As a nation, we are trying but many addicts are trying harder. Addicts may be poor, depressed, lost souls in need of anything to escape the harsh realities of their world. They may be hiding from themselves, unable to emotionally cope with their world. There are so many reasons someone becomes a drug addict that there simply isn’t a one-size-fits-all approach that will work. Quite frankly, as a nation, we don’t know what we don’t know. We honestly don’t know the root cause of all addictions so we can’t “fix” it because what will work for one addict won’t work for the next.
Too many people are willing to throw addicts to the wind. They don’t want to deal with it in their towns. They want it to be swept away, under a rug, and ignored; until it affects them and their families.
The ultimate consequence is death. I’ve heard my mom talking and she said she has tried to prepare herself for the day they tell her Bryce has died of an overdose. She says it isn’t if, it’s when. That breaks her heart and she feels helpless. We all do.
Today is Bryce’s birthday. He is 31 today and I am writing this in honor of his birthday. I haven’t seen him for a while but when I saw him this afternoon, he had sores all over. He talks about making it to his sister’s wedding next summer in Lake Tahoe. Deep down, we know he won’t make it. He can’t. When he is using, all he is thinking about is the next fix. He can’t plan to go to a wedding. We all agree he will have fun and he says he is looking forward to it but it’s just a dance we do to pretend everyone is normal. We aren’t. We are a drug-affected family and I was born right into it.
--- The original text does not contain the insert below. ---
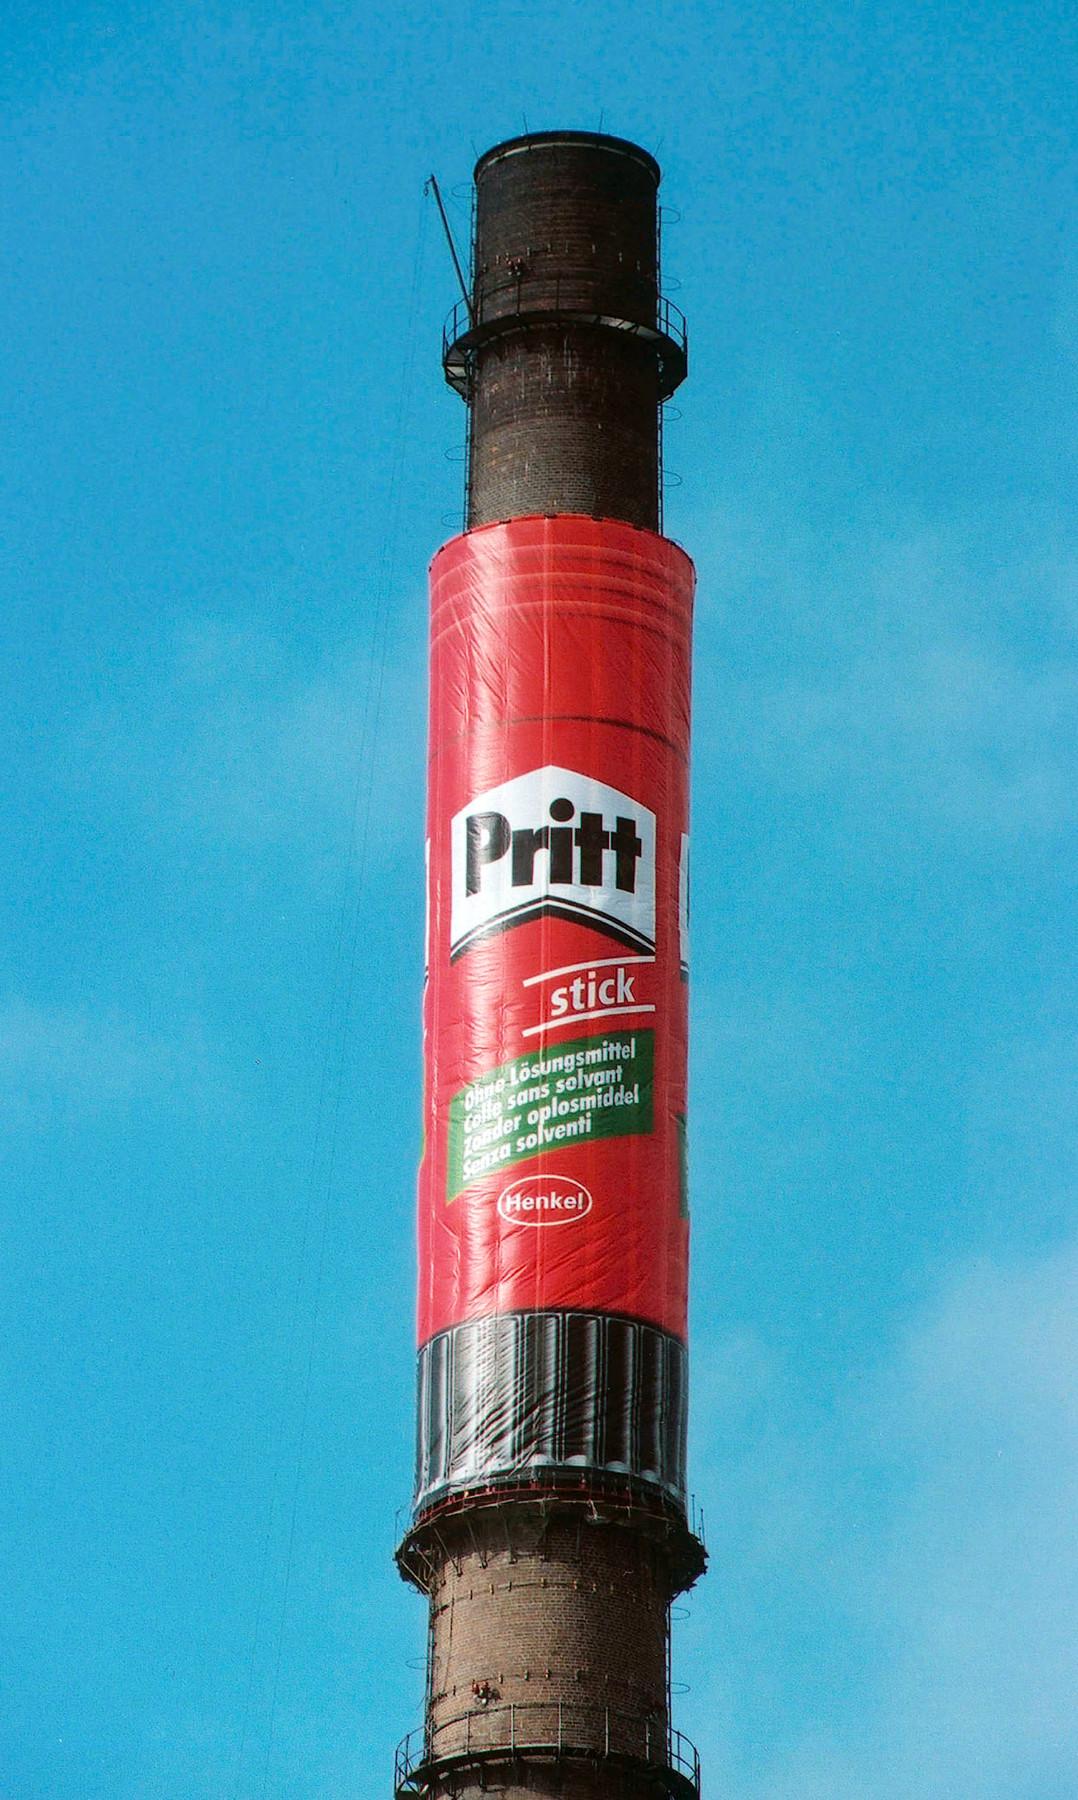 Mega Pritt-Stick als Schornsteinwerbung in Duesseldorf-Holthausen 1999. Abbildung: Henkel Adhesive Technologies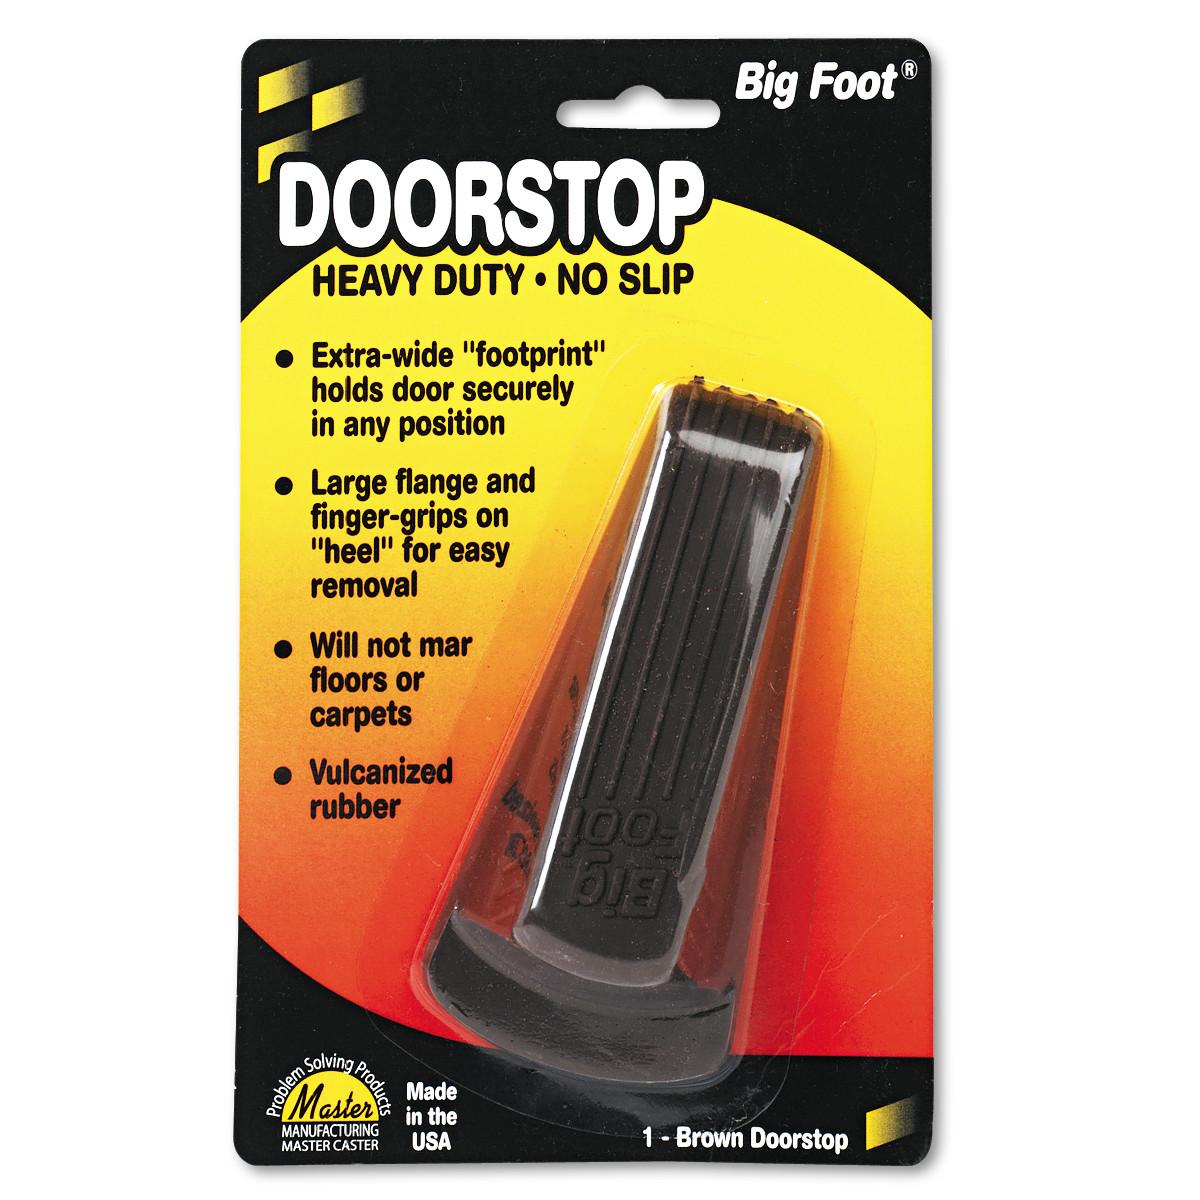 Master Caster Big Foot Doorstop, No Slip Rubber Wedge, 2 1/4w x 4 3/4d x 1 1/4h, Brown

To remedy the crisis for the individual and society, I think we first have to acknowledge it. Really acknowledge it. Instead of jails, put people into programs. When they are out of programs, put them into jobs. When they have jobs, help them with slides back into drugs. Create a cycle of success instead of failure. Use rewards instead of punishment. Come together as a community, a nation to fight drugs coming into our cities. Provide for people who are trying to leave that lifestyle. Give people a reason to get up and face the world each day. All of these ideas are proactive instead of reactive.
When I look through a kaleidoscope, I see brilliant colors and shapes. Not everyone sees what I see. Some are struck by images of sharp edges and contrasting colors. It’s the
same image but we all see it differently. Each individual view into that kaleidoscope is seen in terms of experiences in life they have had. We have to begin to realize that is how everyone not only views the kaleidoscope, but life overall. It’s different for absolutely everyone. When a child holds up that kaleidoscope for the first time, we don’t know what he sees. We can only compare it to what we see. We may never know. We can, however, focus on the individual’s description of what he says he viewed. By working on each person individually, we can try to understand what (s)he sees and worth with that.
If we, as a nation and society, have to start somewhere, let’s start at the beginning and work together. Let’s create solutions that are proactive and positive. Second chances aren’t always a bad thing. I love my brother and hope he finds one as well.